Возвращаясь к цифровым номадам, отметим,
что способы решения вопроса об их идентичности как индивидов и членов группы
отражают старый спор между либералами и коммунитаристами
о приоритетности и соотношении личной свободы и социальной принадлежности.
Либералы утверждают, что индивид может свободно определять свое собственное
понимание жизни, ибо разделяемый ими принцип примата личности над общностью
предполагает, что если индивиды не видят необходимости сохранять существующие
культурные традиции и практики, то общность не обладает правом препятствовать
их модификации или вообще отказу от них. Коммунитаристы
же убеждены, что личность встроена в систему социальных отношений: человек
наследует тот или иной образ жизни, он — результат социальных практик, а
приоритет личной свободы ведет к разрушению общества. На наш взгляд, более
продуктивен подход Сейлы Бенхабиб,
которая ситуацию культурного плюрализма,
поддерживающего, в частности, и феномен цифрового номадизма, определяет как
наличие «радикального», «лоскутного», «мозаичного» мультикультурализма.
Под ним она понимает сосуществование, совмещение в пределах одного
политического образования четко дифференцированных общностей, сохраняющих свою
идентичность и границы — подобно кусочкам смальты, составляющим мозаику.
«Мозаичный», или «лоскутный» мультикультурализм
предполагает набор механизмов, обеспечивающих долгосрочное функционирование:
эгалитарную взаимность, добровольное самопричисление,
свободу выхода и ассоциации.
Некоторые виды миграции, как
«традиционной», так и «цифровой», в перспективе их вероятных долговременных
последствий могут рассматриваться и как территориальная экспансия. На первый
взгляд, миграция «кочевников» не обладает «захватническим» характером даже в
потенциале. Ведь они не настолько многочисленны, как «обычные» трудовые
мигранты; к тому же даже мелкие диаспоры нередко разбиты на подгруппы,
различающиеся по некоторым особенностям языка или верований и находящиеся в
сложных отношениях друг с другом. Самое главное, многие из «кочевников»
опираются исключительно на личную идентичность. Не стоит, однако, забывать о
быстром росте не так давно вообще отсутствовавшей совокупности «кочевников» и о
том, что, хотя их личная идентичность вынесена за пределы обусловившего ее
культурного поля, отщепилась от него, сформировалась она все-таки в лоне
родительской культуры. Поэтому можно предположить, что в случае значительного
усиления потоков цифровых мигрантов они внесут ощутимый вклад в размывание
однородности того или иного государства, сформируют в пределах его территории
очаги различных культур. Будет происходить «колонизация наоборот». Кроме того,
цифровые номады — уже не потенциальные, а реальные субъекты нетократии
— сетевой власти. Они активно вовлекаются в процессы овладения новыми формами
управления, установления контроля не над материальными ресурсами, а над
информационными, над капиталом не денежным, а человеческим.

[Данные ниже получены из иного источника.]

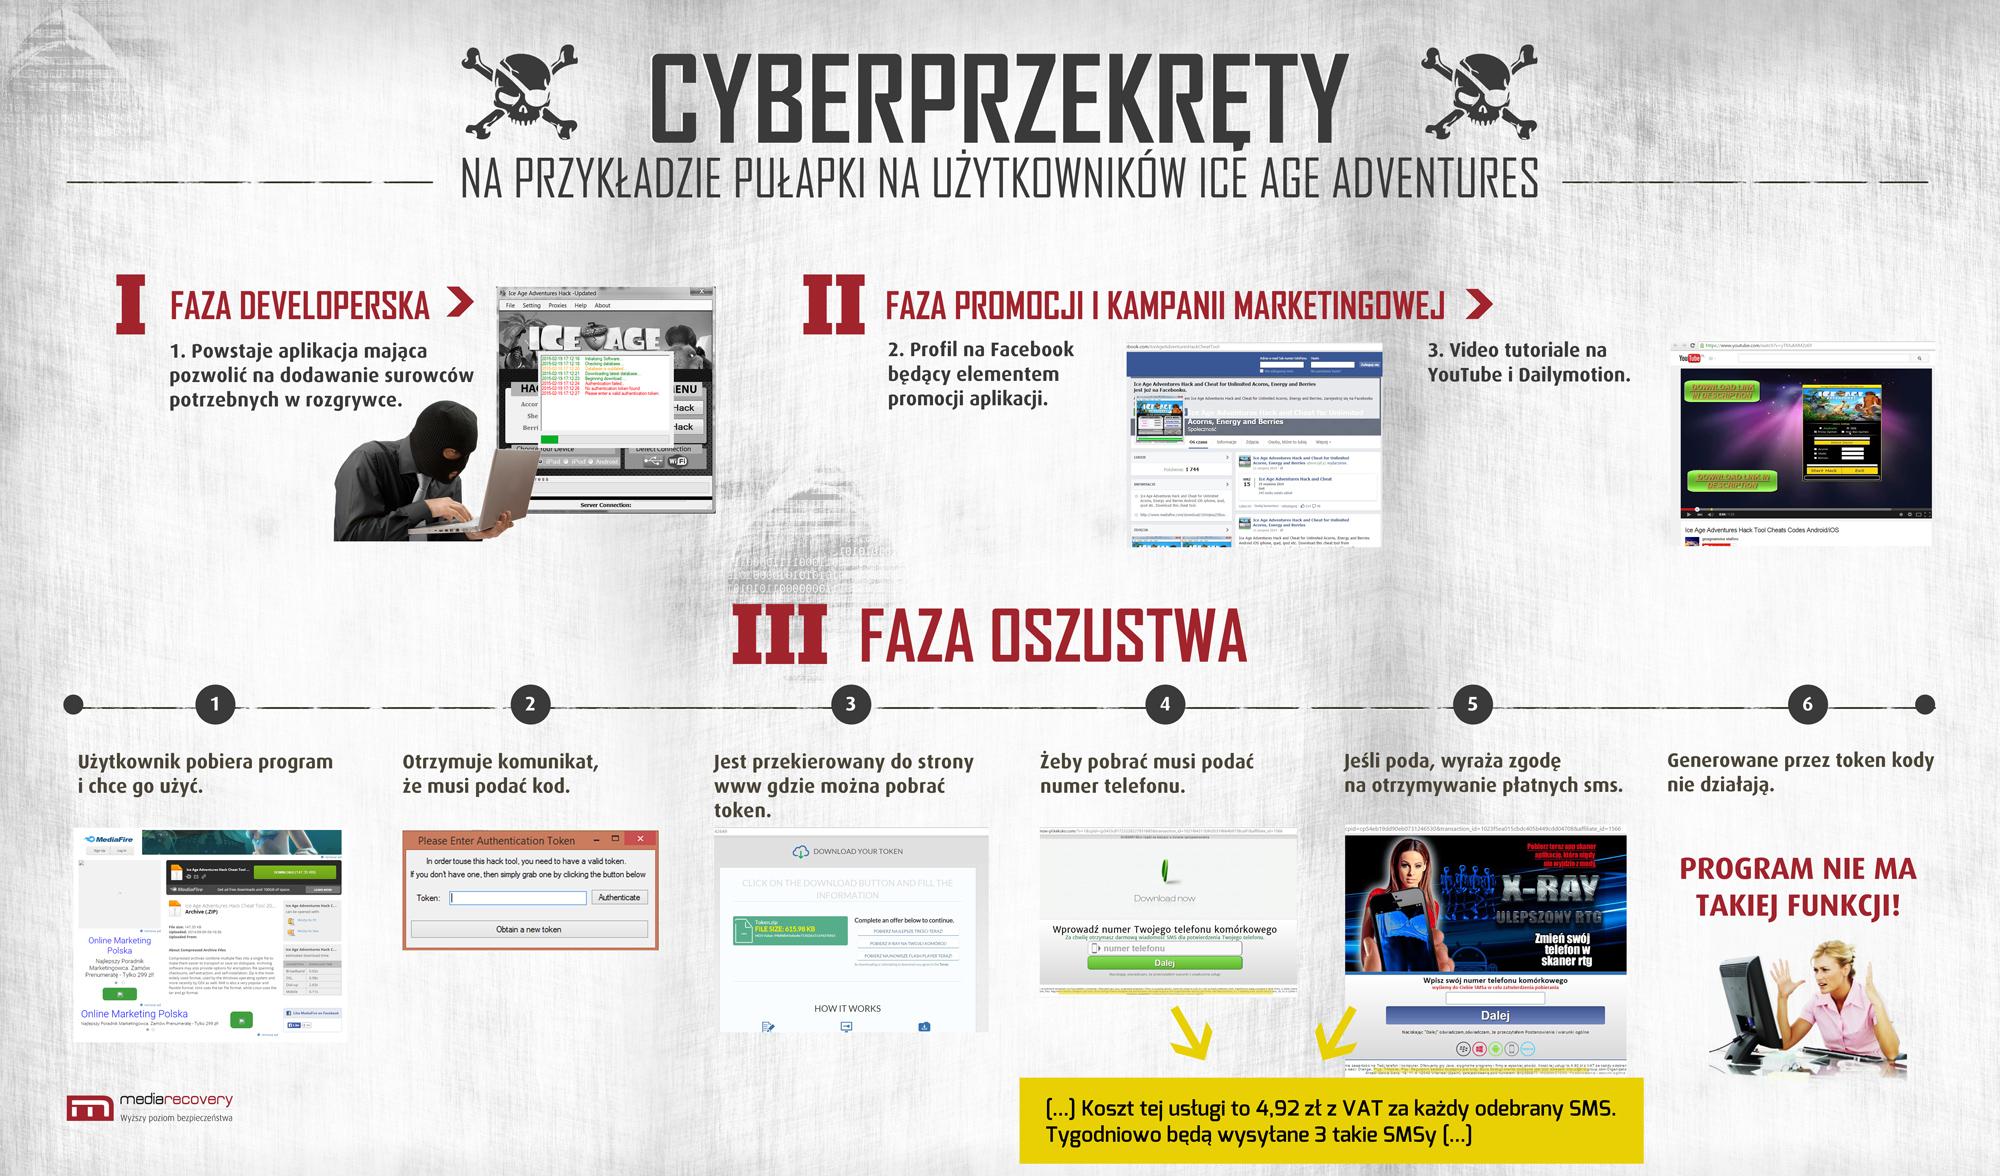 Mediarecovery_infografika_cyberprzekrety_jak_sie_to_robi

Все же более вероятен иной вариант
эволюции цифрового номадизма. А.И.Куропятник
описывает его как «балансирование между полюсами “исключения” и “включения”

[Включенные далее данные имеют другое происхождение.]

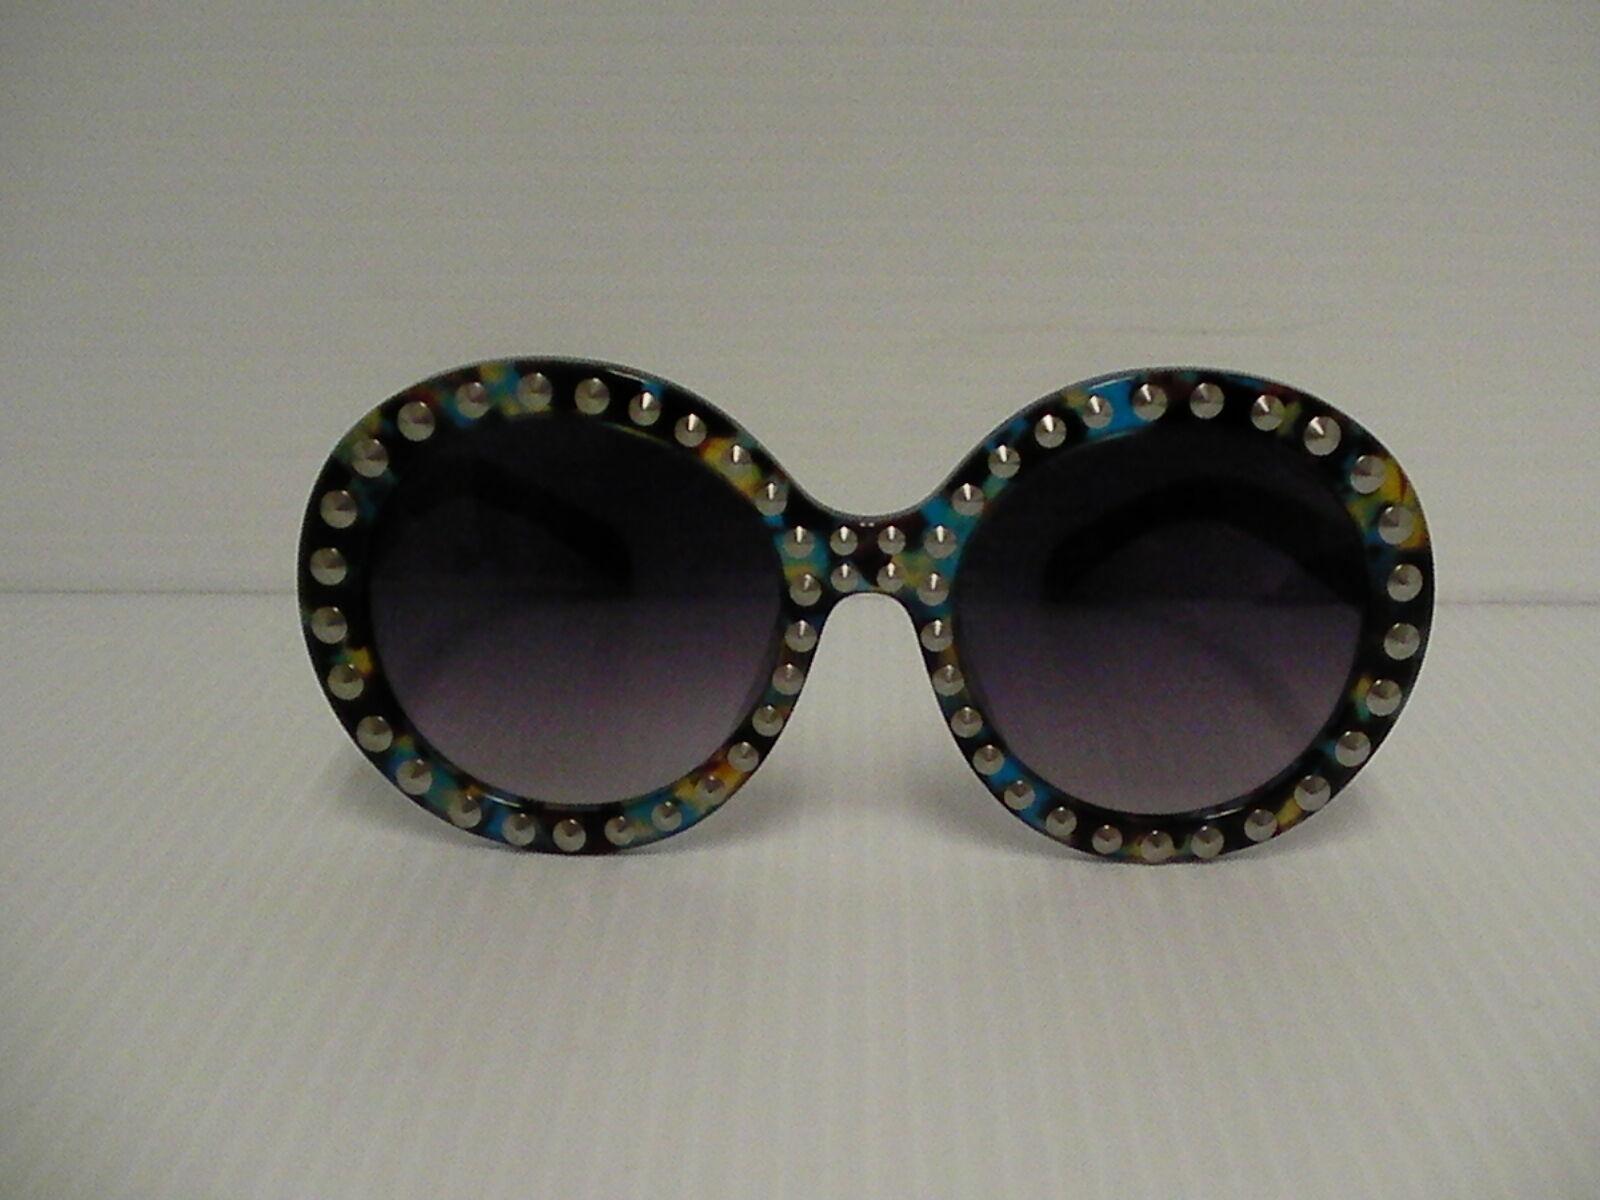 Femmes Prada Lunettes de Soleil Rondes avec Émaillé Style Spr29qsk Tkf-Oa7 image 2

иммигрантов в культурный контекст». Это вариант адаптации в форме «сдержанной
интеграции», когда забота о сохранении культуры большинства не мешает принятию
культур меньшинств. В итоге может сформироваться общая
региональная/гражданская/человеческая идентичность, препятствующая размыванию
границ и традиций взаимодействующих культур с последующей утратой запретов и
долженствований, налагаемых духовно-нравственными нормами культуры, а затем и с
переходом к полному бескультурью.
Можно выделить три основных типа
«кочевников».
Интегрированный тип, или человек
вселенной. Его идентичность позитивна и целостна, он сохраняет связь с родной
культурой и в то же время нацелен на установление связей с представителями иных
культур. Кочевничество он воспринимает как фрагмент жизни, обусловленный целями
саморазвития в профессиональной и учебной, досуговой
и семейной сферах, как путешествие в страну смыслов и ценностей, к самому себе.

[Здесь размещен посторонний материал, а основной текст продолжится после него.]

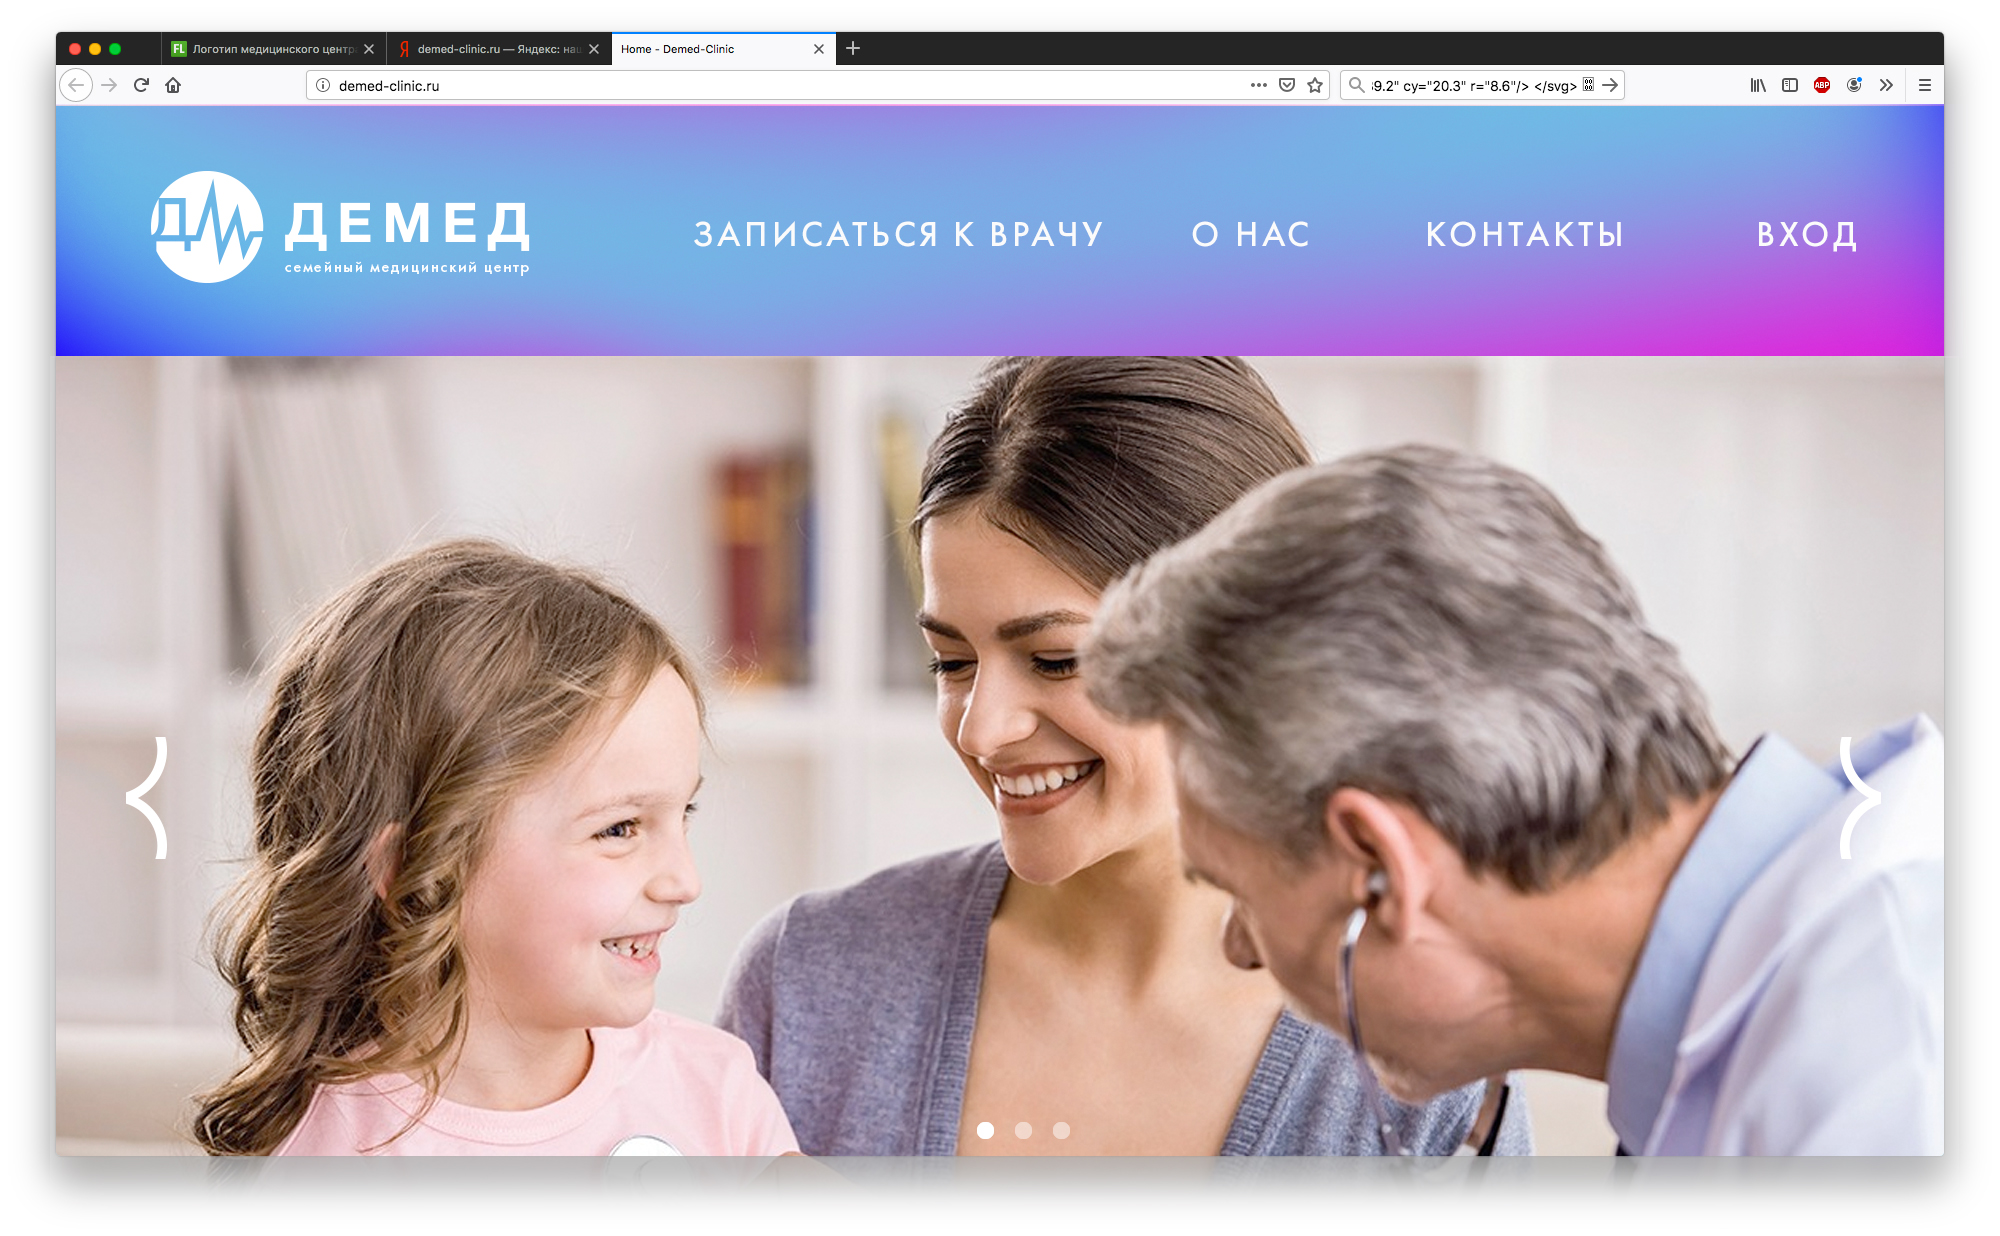 Логотип медицинского центра фото f_1745dc9a9b1b7bd6.jpg

Отношения, которые преимущественно строят люди данного типа, — это отношения
поиска и любви, личностной значимости и соприсутствия.
Амбивалентный тип. Его
идентичность маргинальна, двойственна, размыта, цифровой номадизм практикуется
им как способ уйти от решения личных и социальных проблем. Для
«кочевников» второго типа характерны ориентация на территориальную экспансию и
поиск удовольствий, отсутствие структурированного представления о целях
собственных перемещений, стремление жить по своим правилам, избегая ограничений
повседневных обязательств. Их кочевничество в данном случае — способ
существования, позволяющий сочетать обременительные и необременительные аспекты
жизни: минимизировать ее напряженность и увеличить наслаждение ею. Это путь к
удовольствиям — и путь от самого себя. Отношения таких людей в большей степени
описываются как соприсутствие и включенность, чем как соприсутствие и
личностная значимость.
Лоскутный тип, или человек
без корней. У этого типа идентичность фрагментарна и негативна, он неспособен к
построению прочных и глубоких отношений ни с людьми, окружающими его сейчас, ни
с теми, от кого он когда-то ушел. Его номадизм выглядит как спорадическое
перемещение «перекати-поля» в направлении, определяемом внешними по отношению к
личности обстоятельствами. Кочевничество третьего типа есть не что иное, как
способ удовлетворять желания, не обременяя себя обязательствами, как скрытый
протест и несогласие с миром, путешествие против самого себя и мира. Ведущий
модус отношений здесь — избегание, отказ от близости в форме значимых отношений
и соприсутствия; вместо них — перманентное отсутствие «вечного
путешественника».
Еще одна типология выстраивается по
критерию различий в функции, предписываемой пространству «кочевниками». По этому критерию выделяются такие типы номадизма: «цифровое
беженство», когда человек перемещается, чтобы уйти из мира обязательств и
травм; «цифровой туризм» с целью структурирования времени и пространства
жизнедеятельности; «цифровое путешествие» в мир иных смыслов, за самим собой и
гармонией своего мира; «цифровые захваты» новых территорий, в первую очередь
мест, где «не ступала нога человека», и мест, «похожих на рай».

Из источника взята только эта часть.